Playing with VR and Unity

Today, Virtual Reality (VR) may be the hottest topic for interactive developers (Augmented Reality will be the next within few years for sure). Many constructors propose their own Head Mounted Device (HMD) : HTC & Valve with the Vive, Oculus, with their Oculus Rift and Gear VR for Samsung mobiles, Google and the very cheap DIY Google Cardboard, and many other ones. Naturally, Unity, which is the leading global game industry software (45% market share, 47% of developers), rapidly proposed built-in functionnalities to handle some of the VR devices.

In the end of the last year, we have been asked to create Unity tools to quickly prototype virtual visits with the Google Cardboard. It was the perfect project to dive deeper in the world of VR. Here, virtual visits were a set of photo-spheres and video-spheres, which are respectively photos and videos projected inside spheres, giving you the impression you are surrounded by the scenery (think about Google Street View). Furthemore, some parts of the photo-spheres had to be interactive and display some additional content like photos, videos, text, …

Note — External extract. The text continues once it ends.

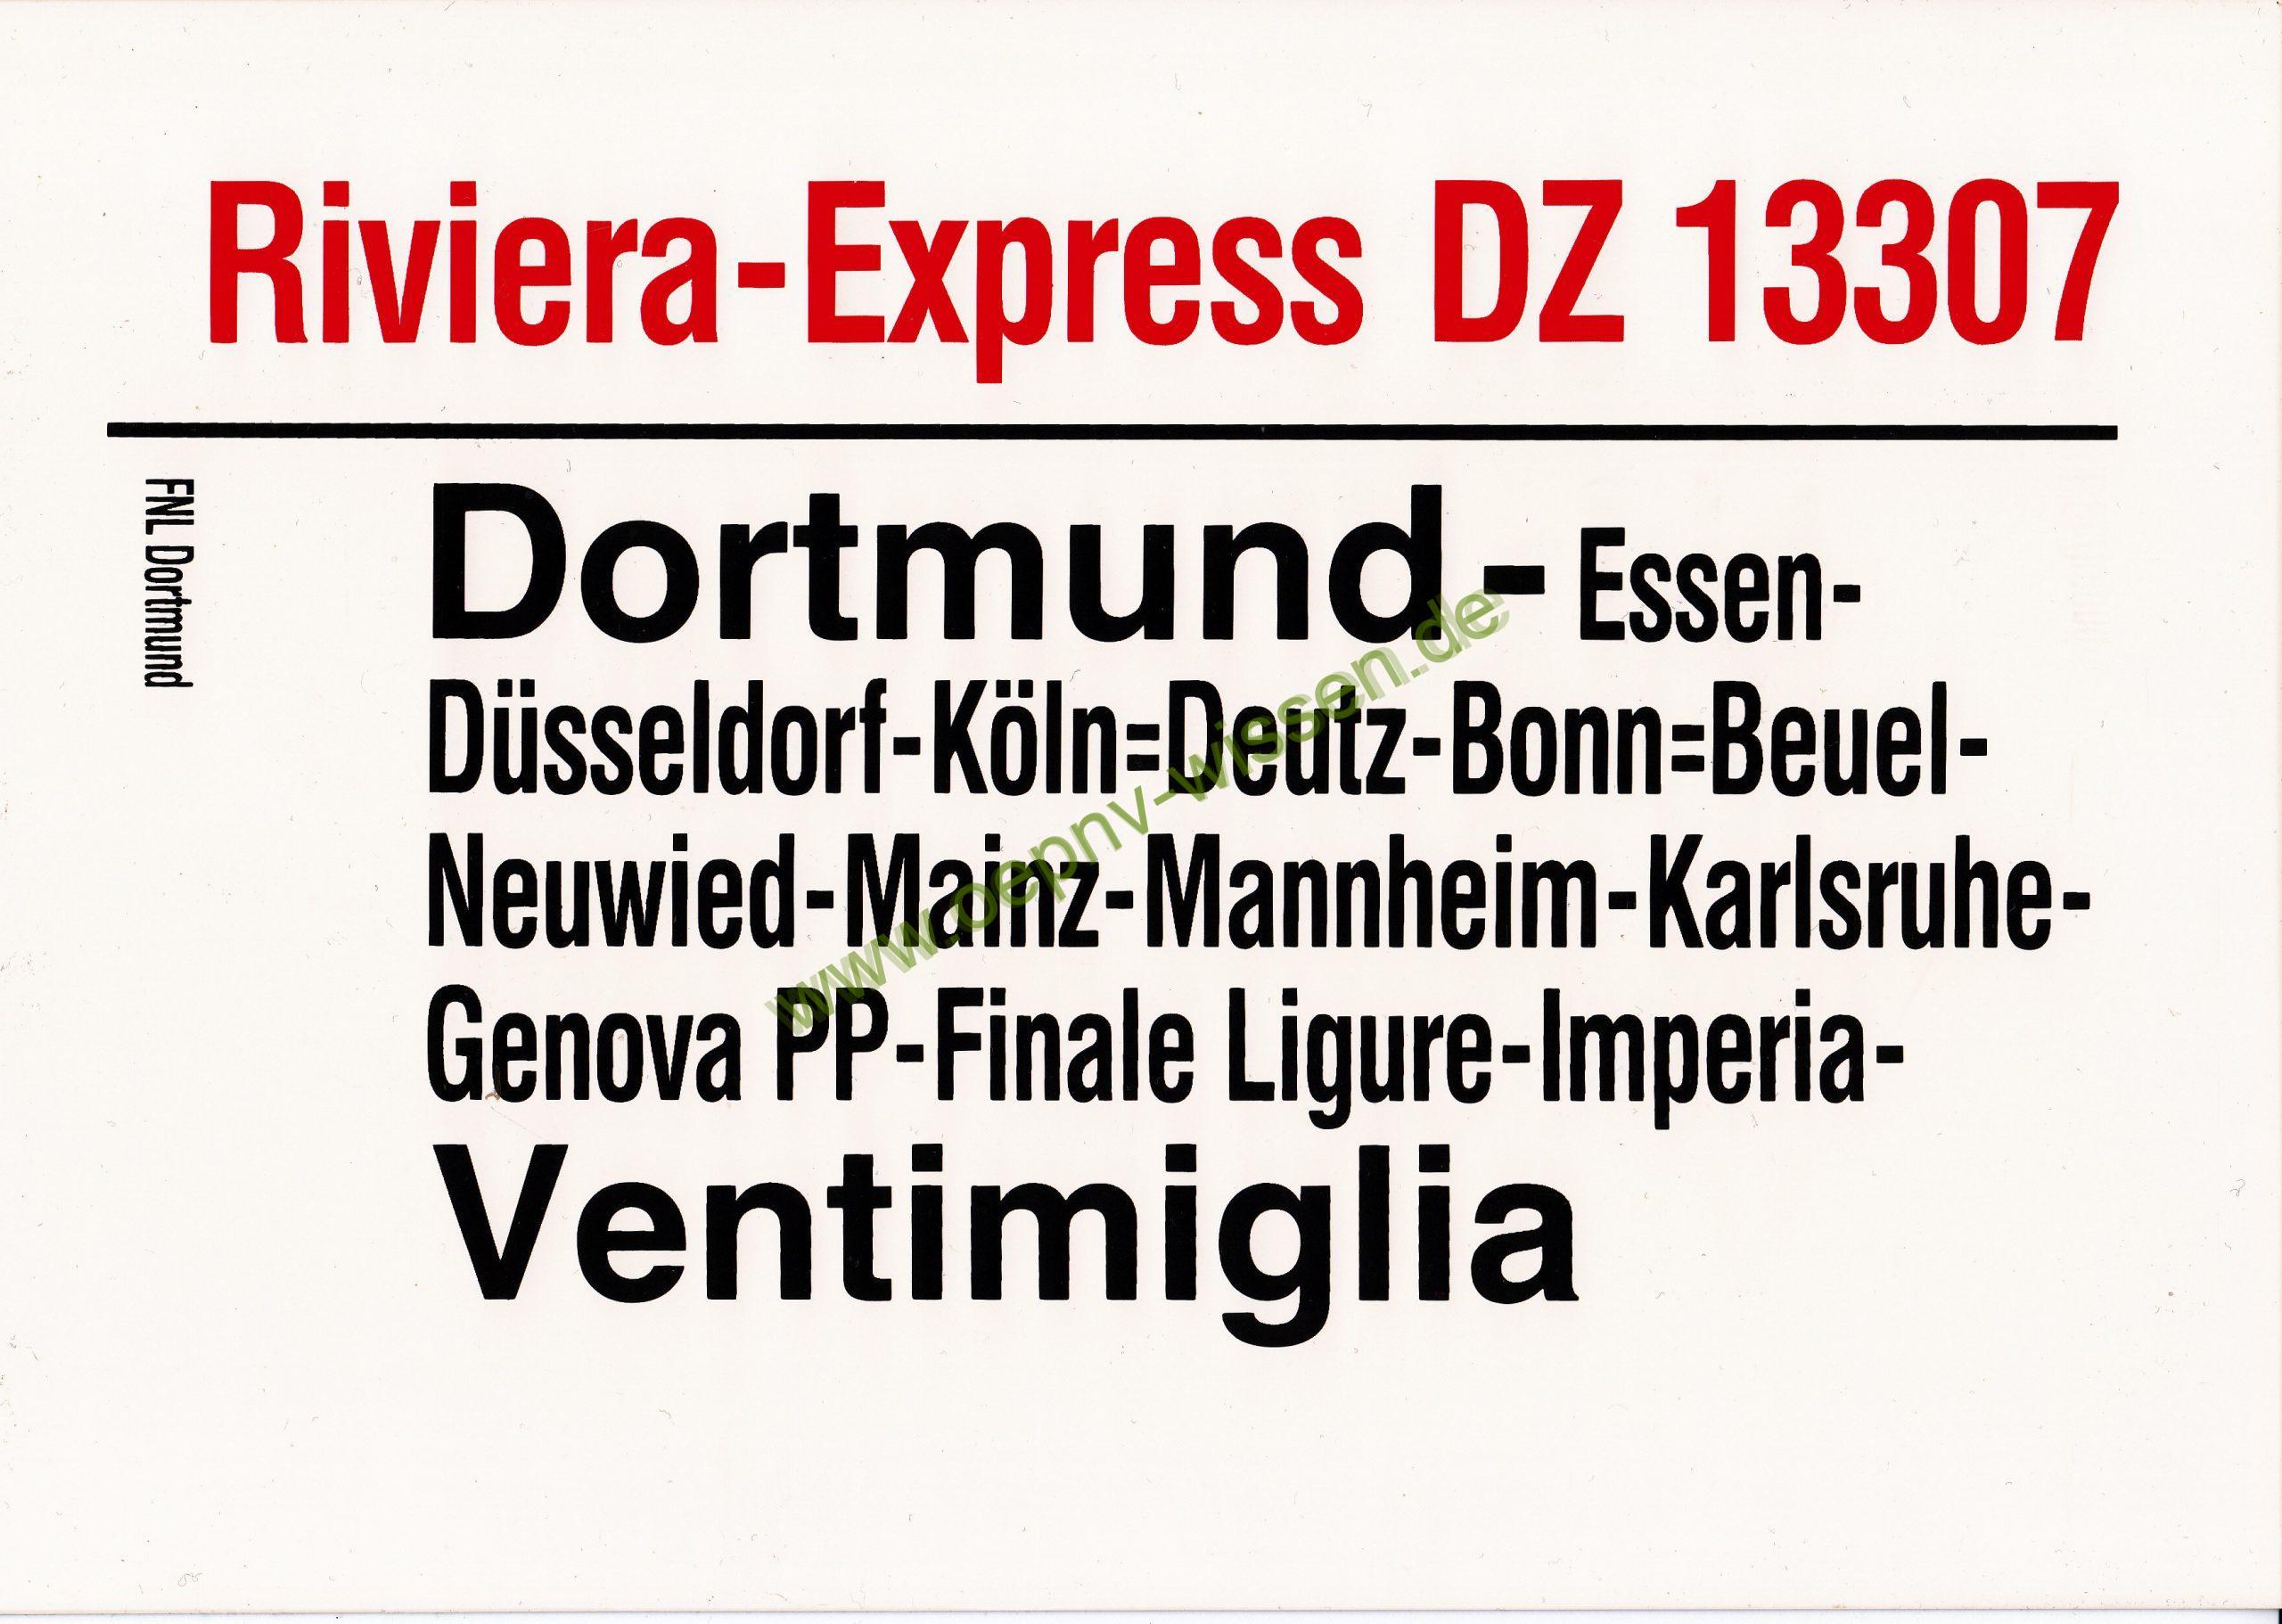 DZ_13307_Riviera_Express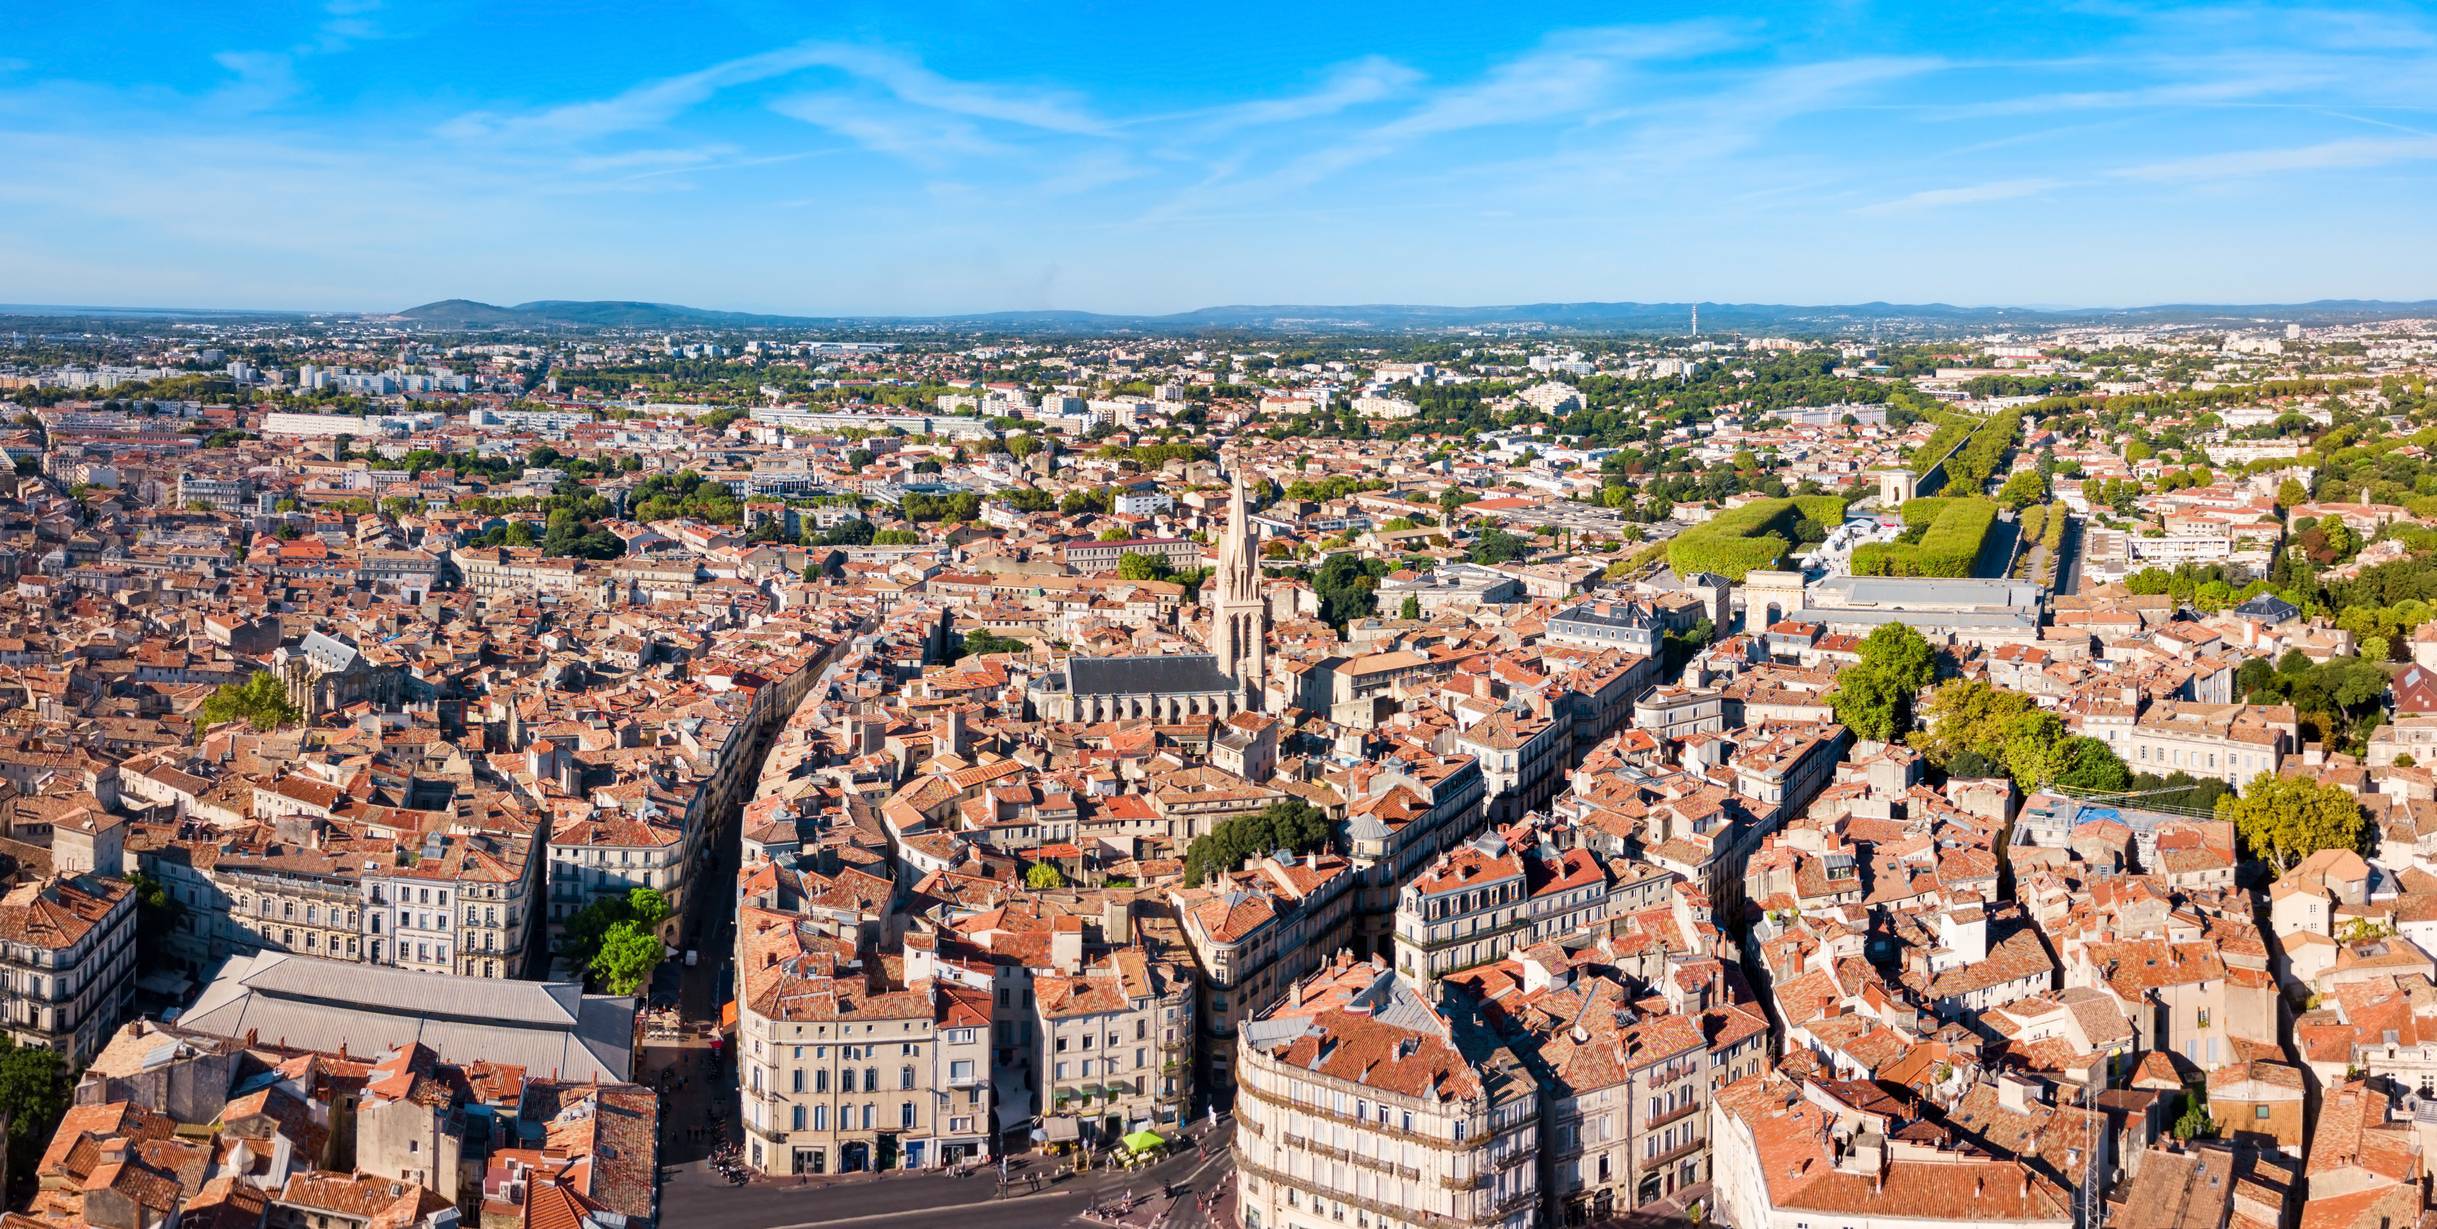 comment investir dans l'immobilier à Montpellier

Google Cardboard and Unity  

At this time, Unity doesn’t support natively the Google Cardboard and you will have to follow some steps before creating your first app. Naturally, Google has provided a guide if you want to get started with the Cardboard. Patrick Catanzariti made also a very nice tutorial for more advanced features like the gaze detection.

But, but, but, Clay Bavor, the vice-resident of Google’s virtual reality division,  announced during the Vision Summit that the developers will be able to use the Cardboard inside Unity without the need for plugins or separate installs. Victory ! ✌🏻

Detecting interactive zones 🔎

Here, I will talk a little about the detection of interactive areas of our photo-spheres. Since these areas must be precise, we could not use a simple method using place colliders for example between the camera and the photosphere, or use an algorithm used to solve the point-in-polygon (PIP) problem. I implemented a solution based on the detection of the pixel color of a “mask” texture.

For the example, let’s go into the Hellbrunn Palace in Austria. I am very interested by three paintings and I want to detect them. I will create a texture with the three areas colorized in a specific color, the rest will be in black. Then, each time the camera rotates a ray is casted from the camera to the center of the screen (representing the gaze of the user). When the ray encounters the collider of the sphere representing my scene (where the 360° photo is mapped on), I get the pixel’s color of the mask texture using RaycastHit.textureCoord and Texture2D.GetPixelBilinear. If the color matches with the color of one interactive zone, I trigger the action associated to the interactive zone !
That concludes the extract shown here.